About 30 kilometres east of 'Punkah and right at the base of Mount Hotham is the little town of Harrietville. One of the attractions advertised in the Bright Autumn Festival brochure was a historical tour of Harrietville so, being interested in the history of the region we rocked up. But wait, having passed through Bright on the Alpine Highway we were enthralled, yes, enthralled, as we drove through a tunnel of autumn foliage . . .

  What a shame it was garbage collection day - but what wonderful colours. And it went on and on.  

A weak sun shone on the leaves though a few moments later it was gone, obscured by an approaching rain storm. But we have this image for ever.

We found our destination, the Harrietville Museum, without too much difficulty and in good time. The history of Harrietville is largely about the discovery of gold in the area and the resulting mining. In fact, one of the largest dredges in the world, the Tronoh Gold Dredge, was built at Harrietville in 1940 and did untold damage to the environment. There's little left of that monster today though there's a smaller dredge, the Eldorado Dredge, not all that far away (pictured below). We visited the Eldorado Dredge earlier and described it on Page 112 of this web site. There is a link at the bottom of that page for anyone wishing to learn more.

  The smaller Eldorado Dredge; technically it's a ship.  

In fact, the gold mining proved the making of Harrietville, lifting the population from fifty into the thousands. The monster dredge also brought benefits in that it was electrically powered. Harrietville previously had no electricity but was connected when the electrically powered dredge was constructed. A large number of men were needed to operate the dredge so employment became available.

On the negative side, the beast was deafeningly noisy and operated twenty four hours a day. It chewed a deep channel wherever it went, sorted what it had swallowed and excreted the waste behind it. Unfortunately it didn't separate the fertile top soil from the rock so it left behind land fit for very little.

Eventually it was dismantled and shipped to Malaysia where it was rebuilt and operated for another twenty years.

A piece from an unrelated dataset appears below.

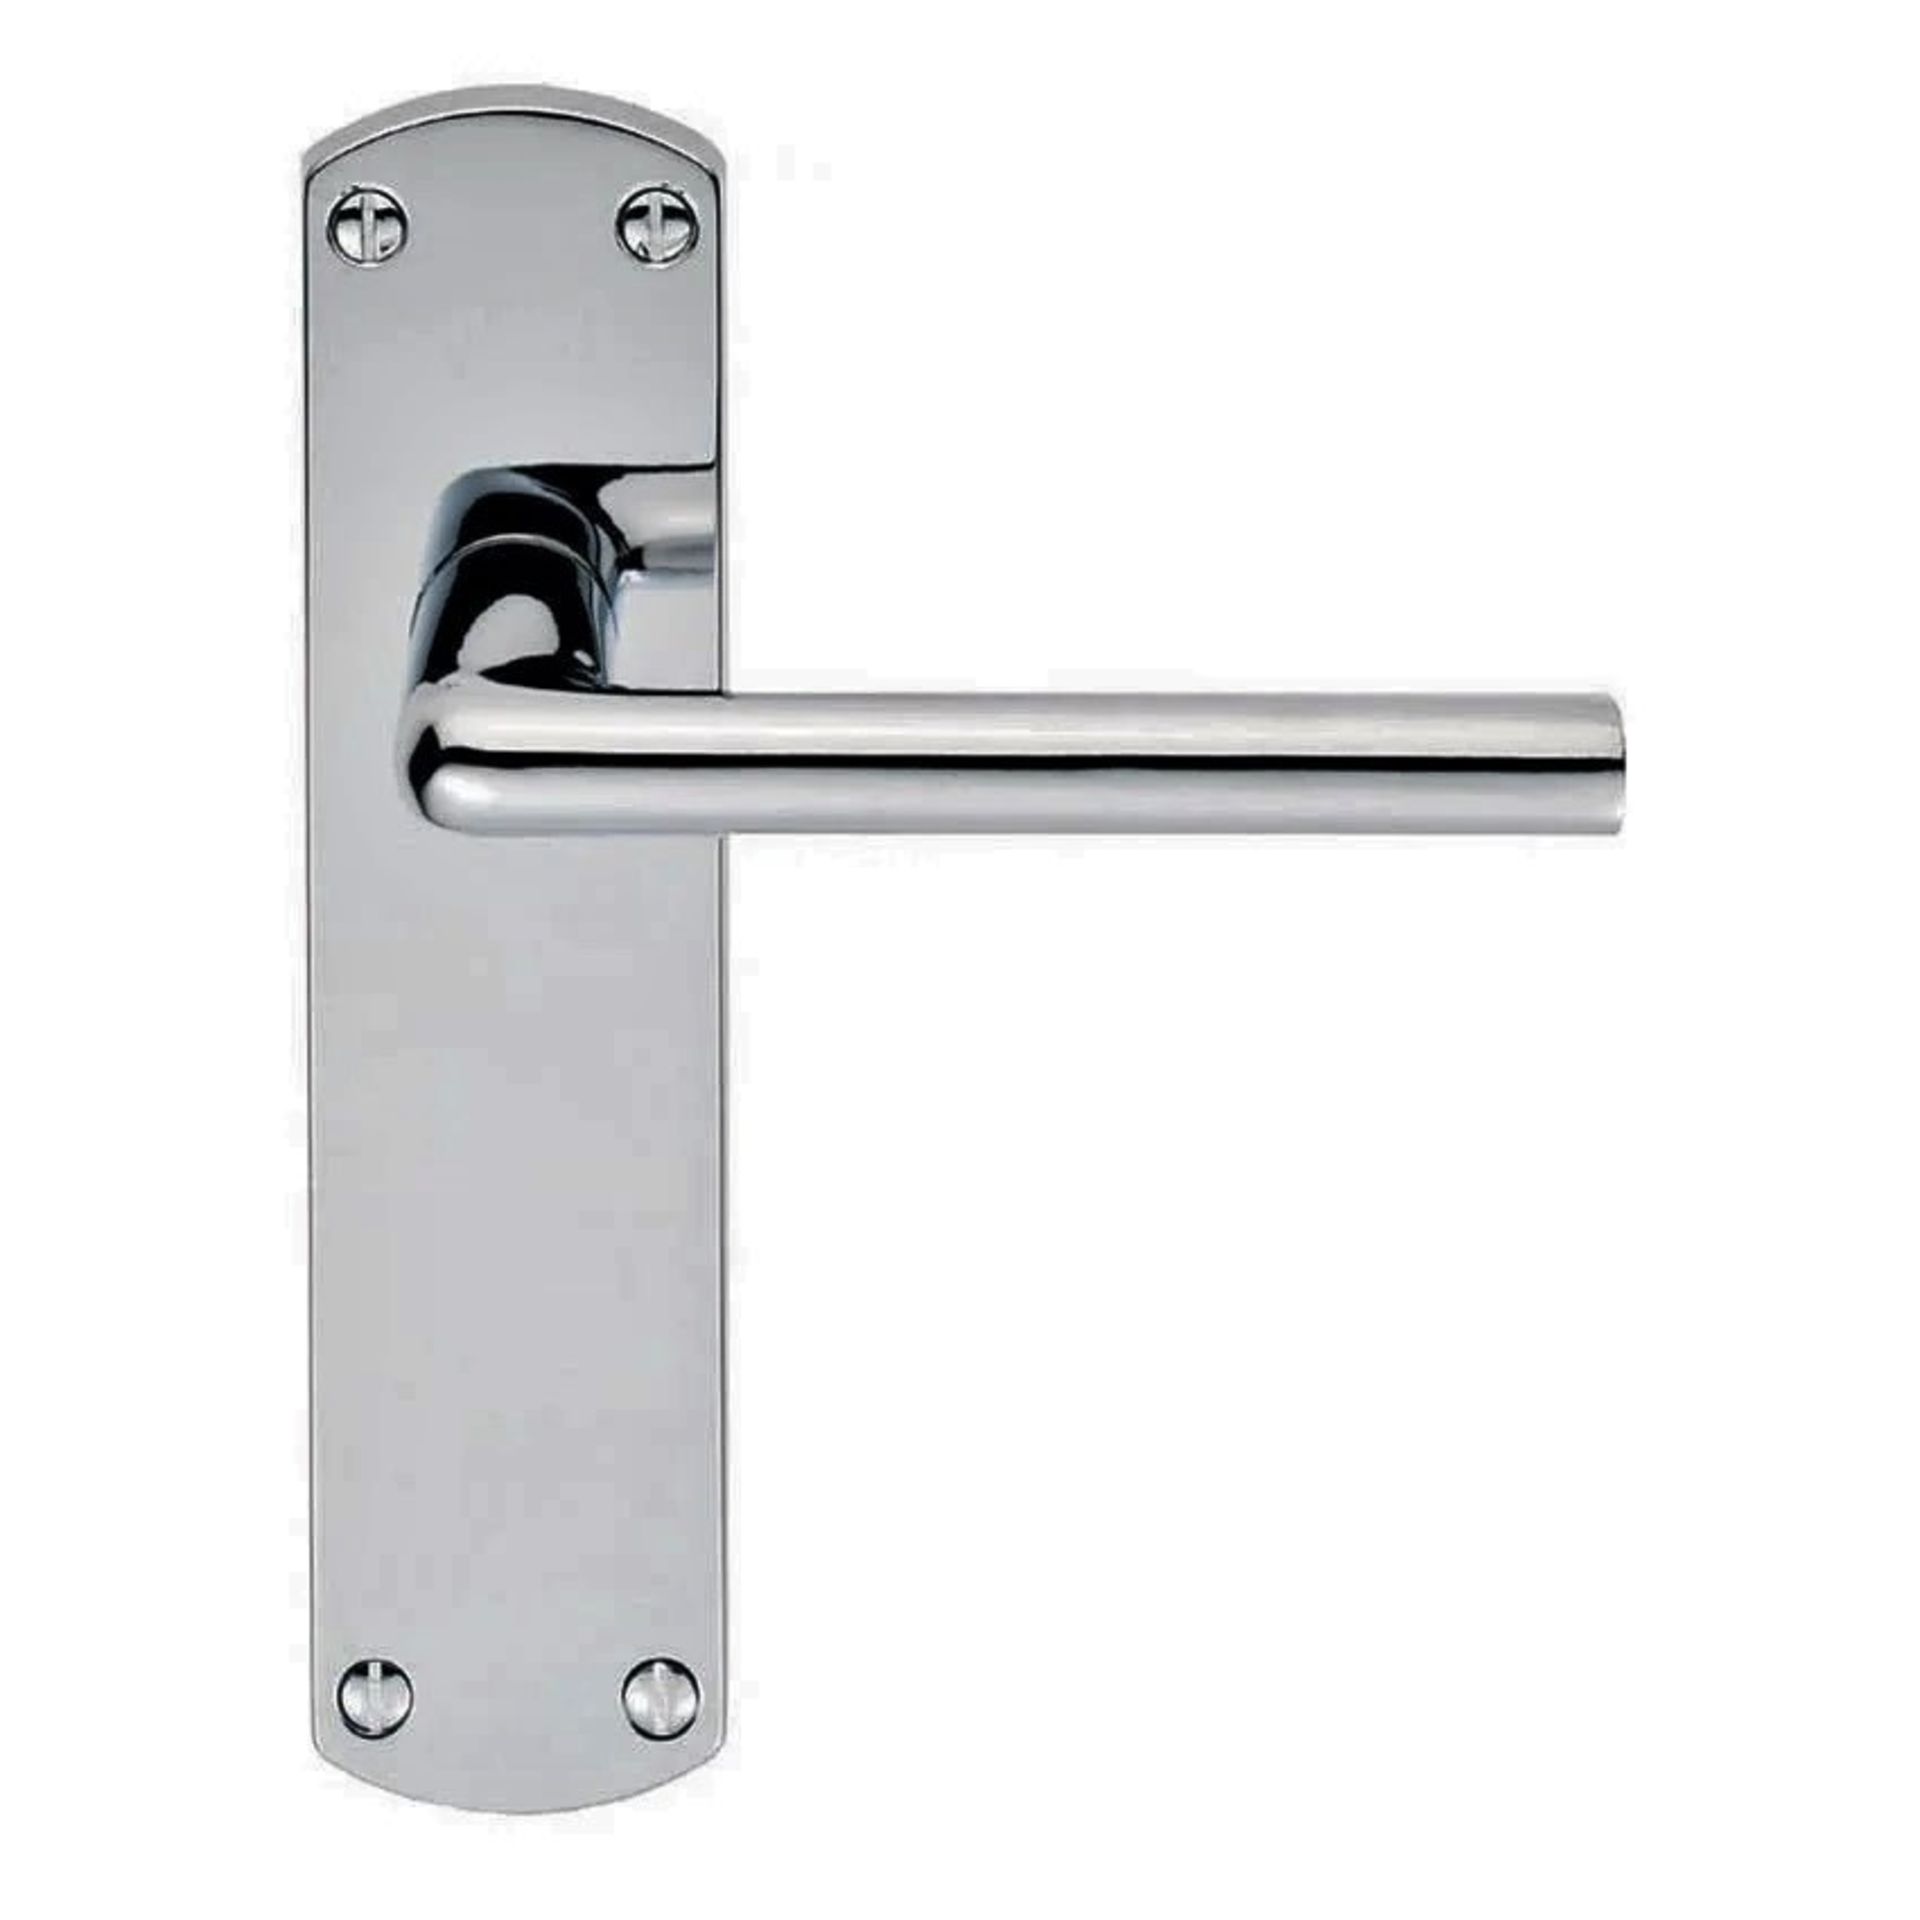 2 x Pairs Serozzetta Internal Door Handle Levers on Backplates in Polished Chrome - Brand New
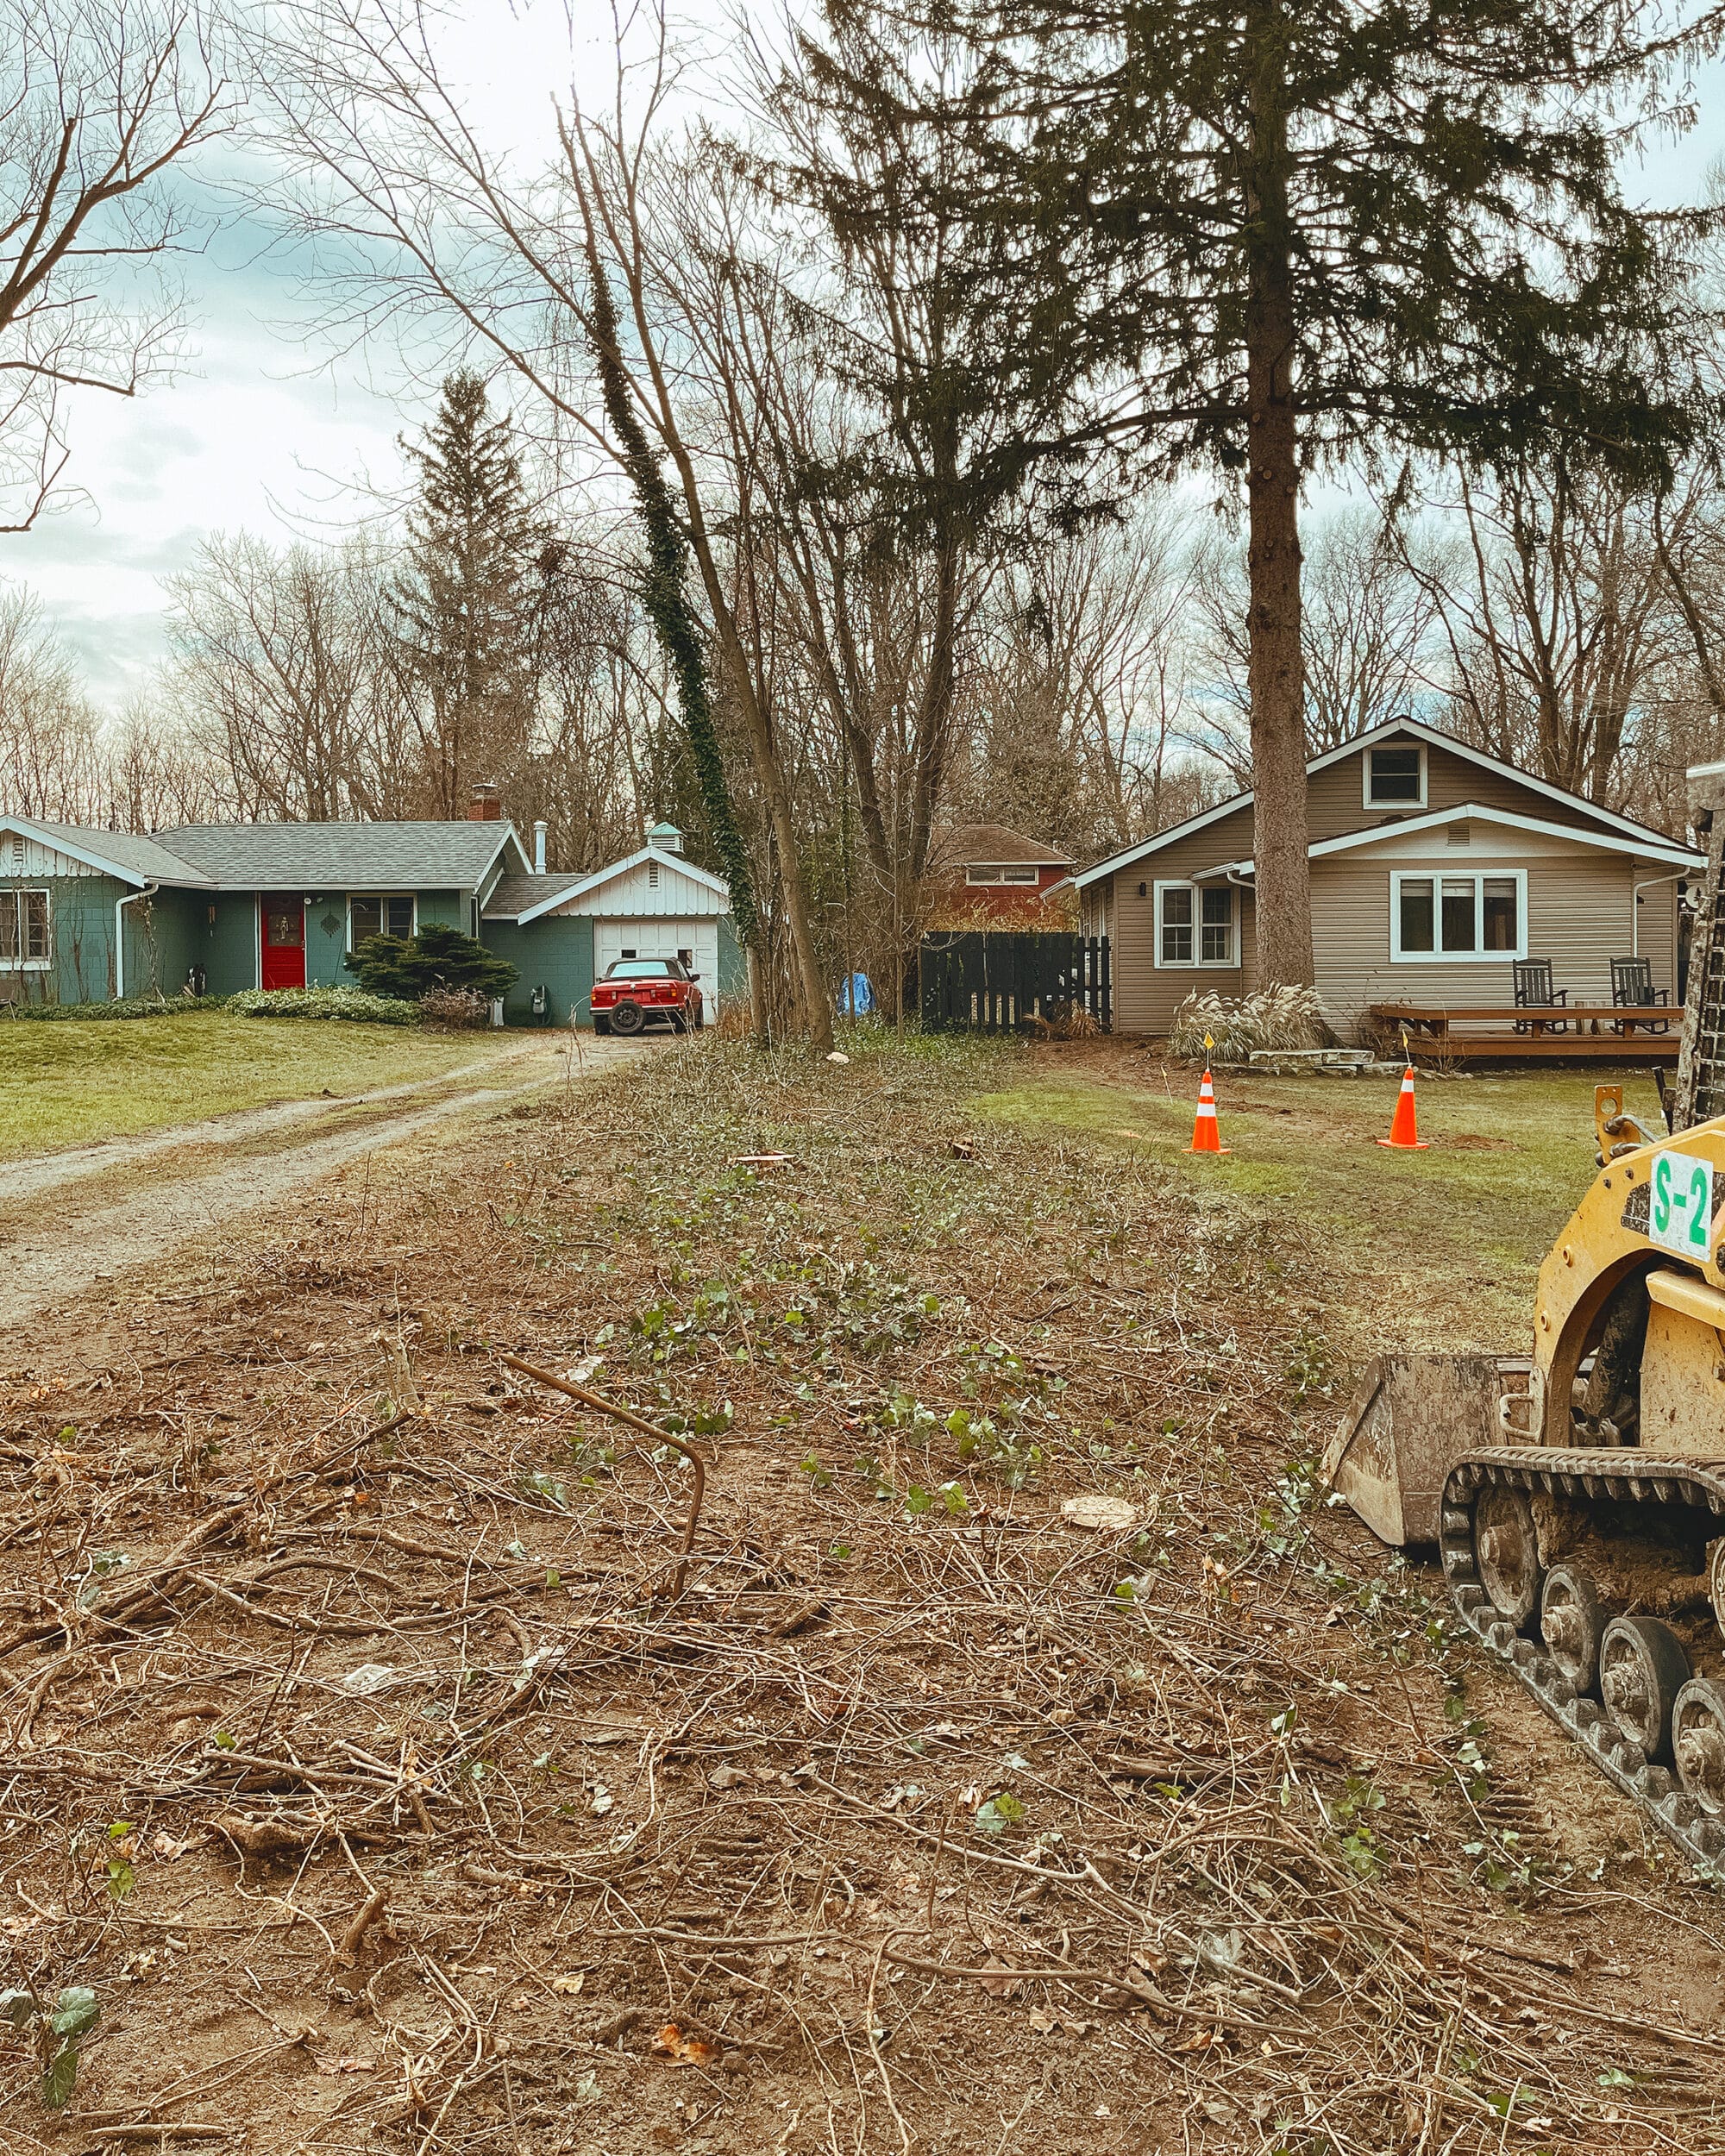 Landscaping work has begun! Clearing work for the berm | via Yellow Brick Home

At the museum we listened to a fascinating talk about the town, its beginnings, its characters and its history, conducted in a room with relevant photographs and documents all over the walls, we were invited to inspect the pool where the giant dredge had turned around. Our guide was a historian and the author of many books, Ian Stapleton. Ian is a well known local character and a very nice man.

Left: Outside the museum stands a four-stamp battery used for crushing gold-bearing rock . Right: The solid steel stamps were raised by these rotating
cams then released to descend under the force of gravity to pound - or batter - the rock being fed in below. It would be a very noisy operation.

On the right is a Pelton Water Wheel next to a transportable steam engine. These two often went together, the Pelton Wheel driving the battery when running water was plentiful, the steam engine taking over in the summer when creeks tend to dry up.

The Pelton Wheel was invented by Lester Allan Pelton in the 1870s. It is remarkably efficient when a high water pressure is available and transfers almost all the energy from the water to the wheel.

The early history of this particular 4 h.p. steam engine is unknown. It was built by Brown and May of Wiltshire, England, in the late 1880s according to its plaque. In later years it powered a chaff cutter in the Buckland Valley. It was donated to the museum by the Beveridge family in the 1960s.

Also on display in the grounds of the museum is a bucket formerly used by the dredge. There were over one hundred buckets linked together to form an endless loop and they constantly rotated down under the dredge where they scooped up earth and rocks before passing around a huge roller, rising out of the water up to the dredge where the contents were tipped for processing. Consequently, though the buckets were very substantial and made of cast iron, the steel blade section wore away very quickly.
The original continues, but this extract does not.